**WORK ITEM**
Without any of the pictures, set down the data below exactly.

**DATASET SECTION**
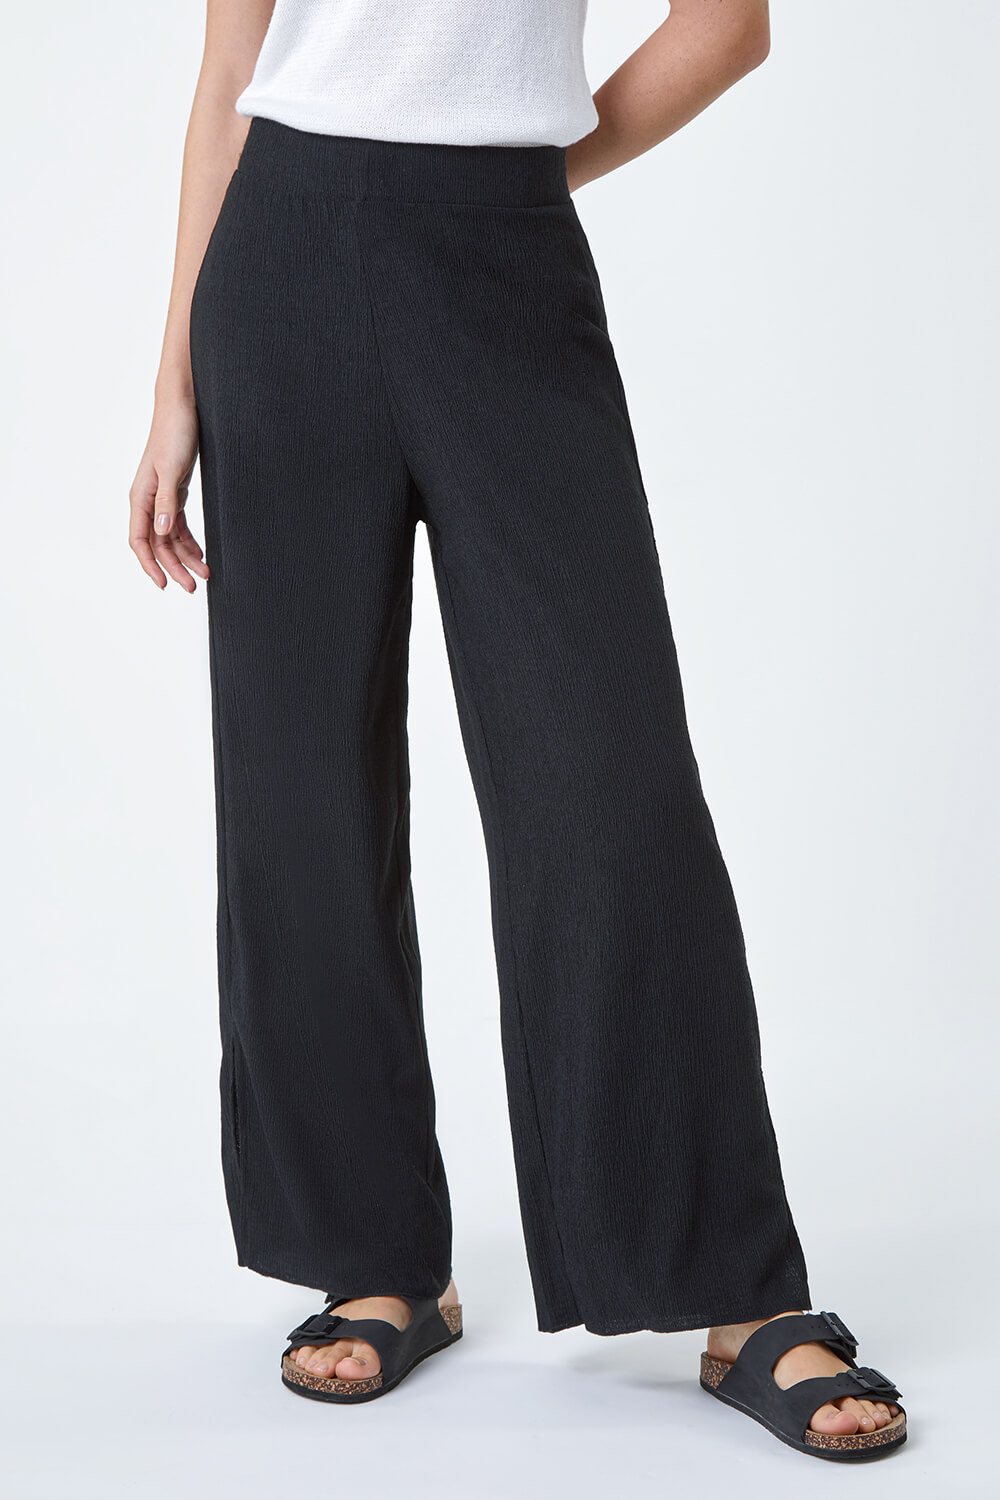 Black Crinkle Side Split Stretch Trousers, Image 4 of 5
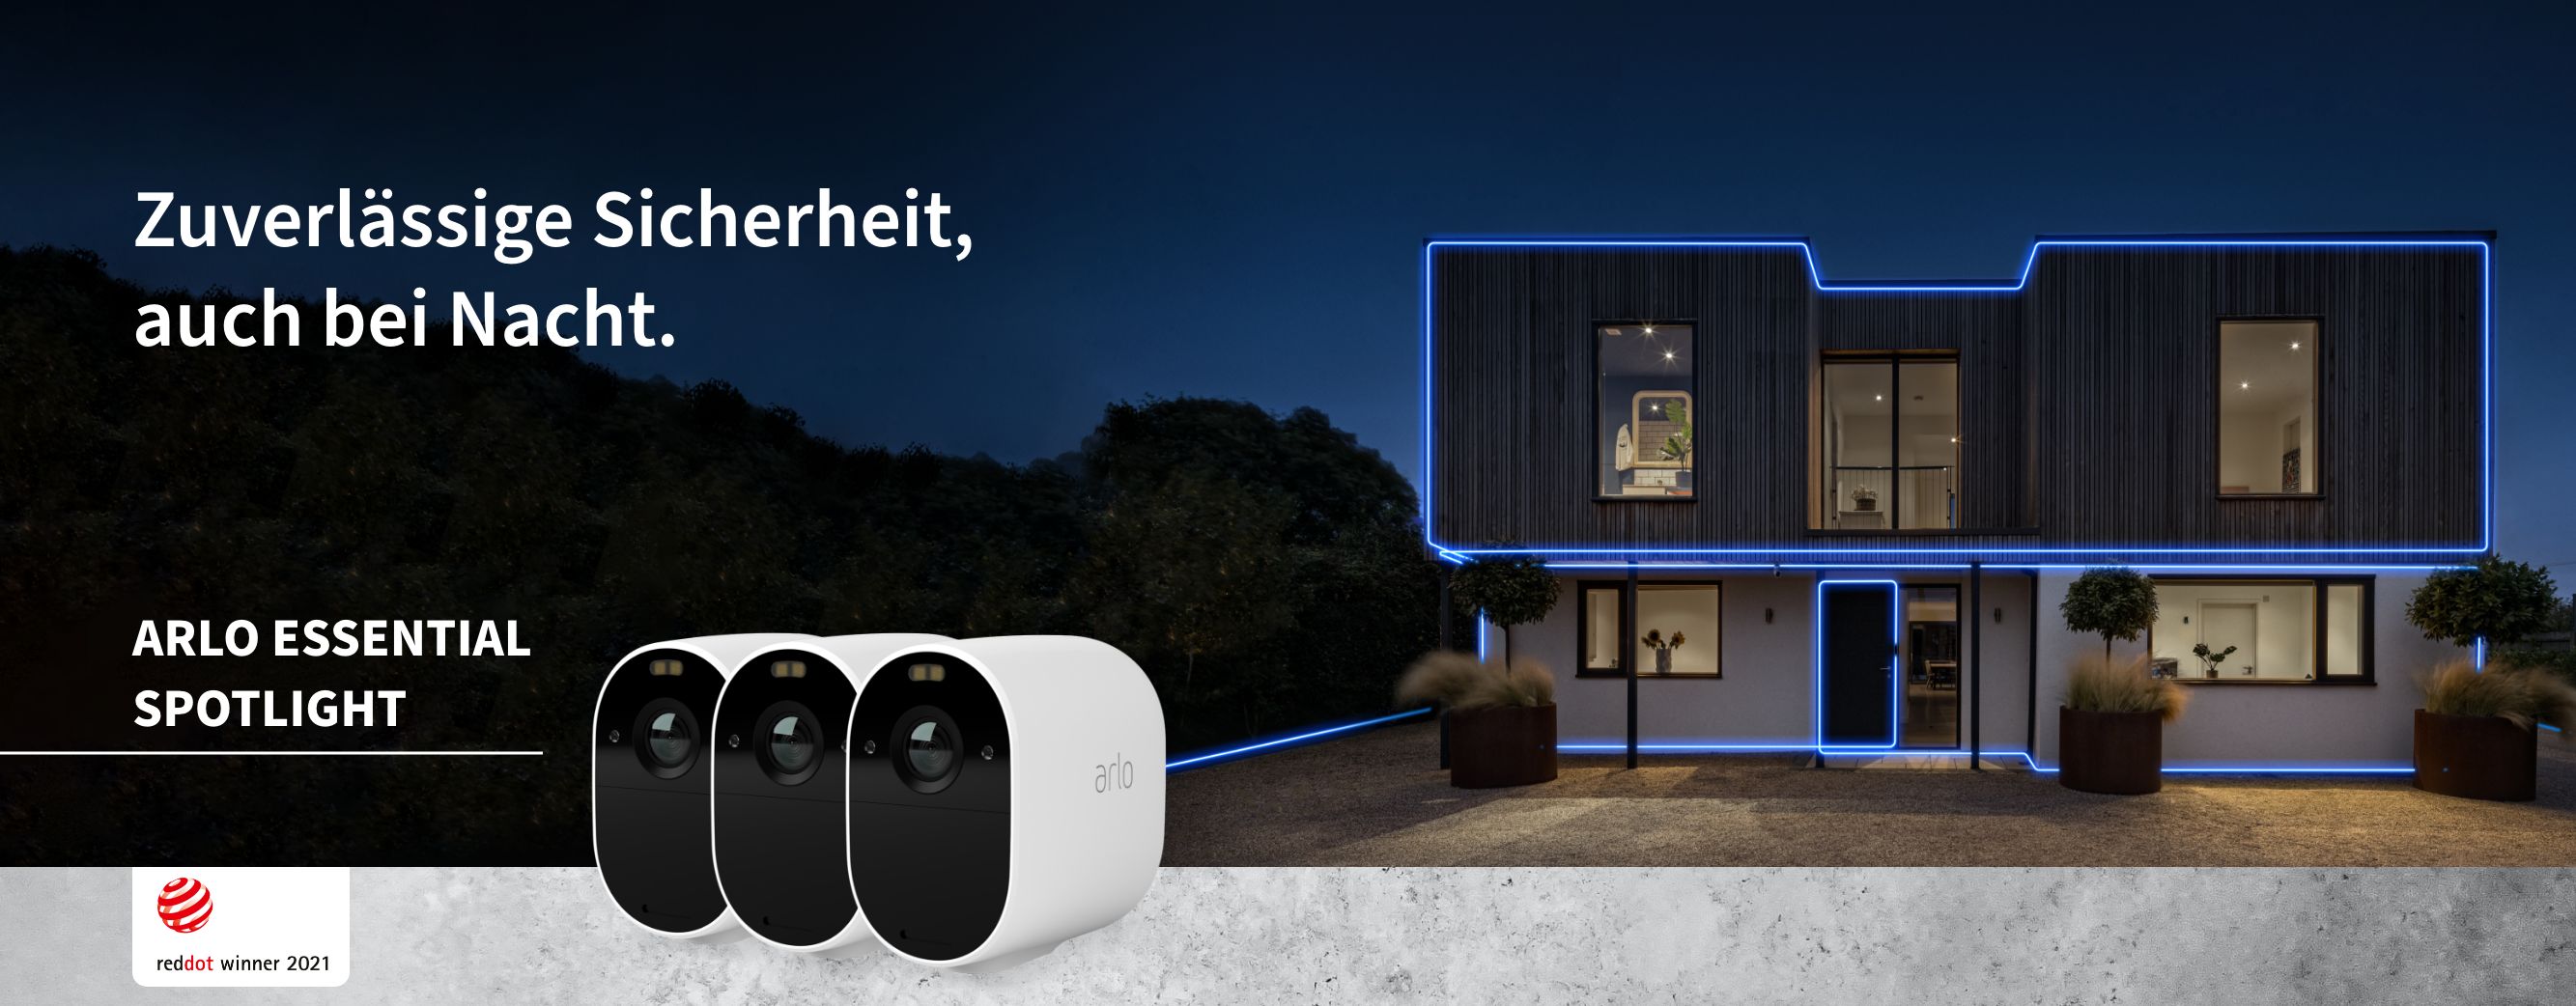 Arlo Essential Spotlight Kamera an einer Tür, Reddot -Gewinner 2021 DE
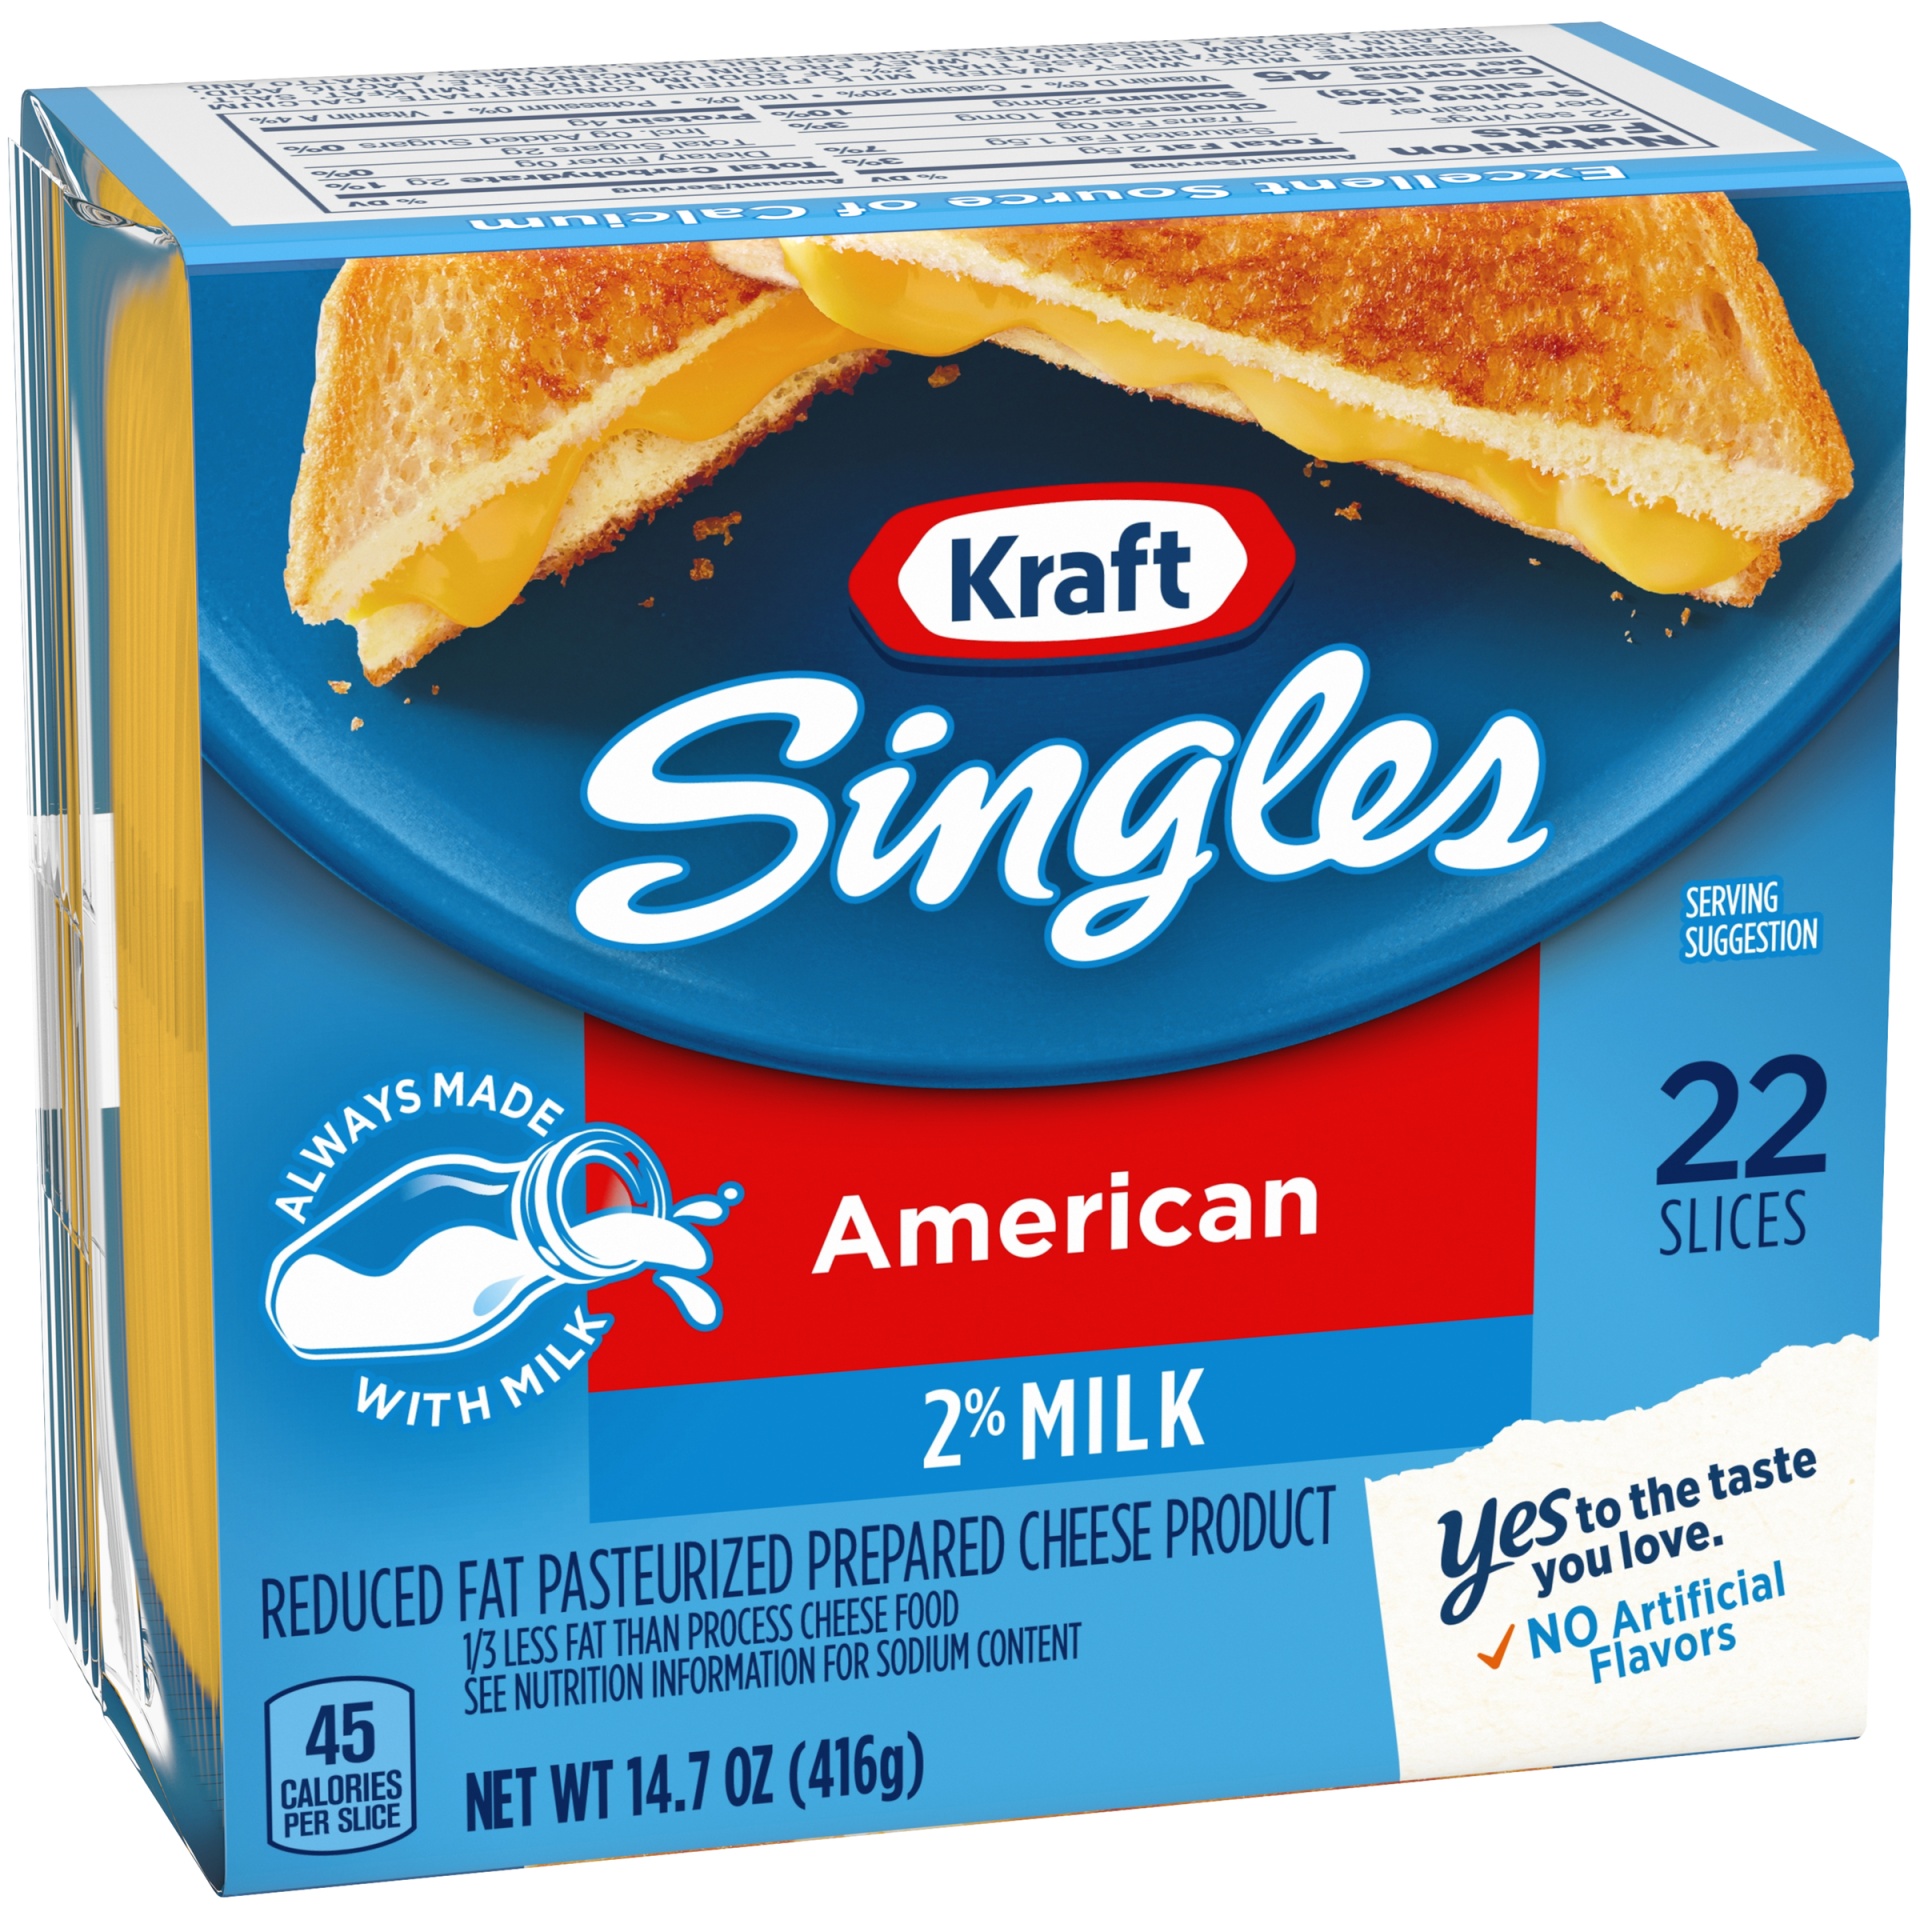 slide 2 of 6, Kraft Singles 2% Pasteurized Prepared Cheese Product American Slices Pack, 22 ct; 14.7 oz

**YOUR SOLUTION**
 Black Crinkle Side Split Stretch Trousers, Image 4 of 5
 Arlo Essential Spotlight Kamera an einer Tür, Reddot -Gewinner 2021 DE
 slide 2 of 6, Kraft Singles 2% Pasteurized Prepared Cheese Product American Slices Pack, 22 ct; 14.7 oz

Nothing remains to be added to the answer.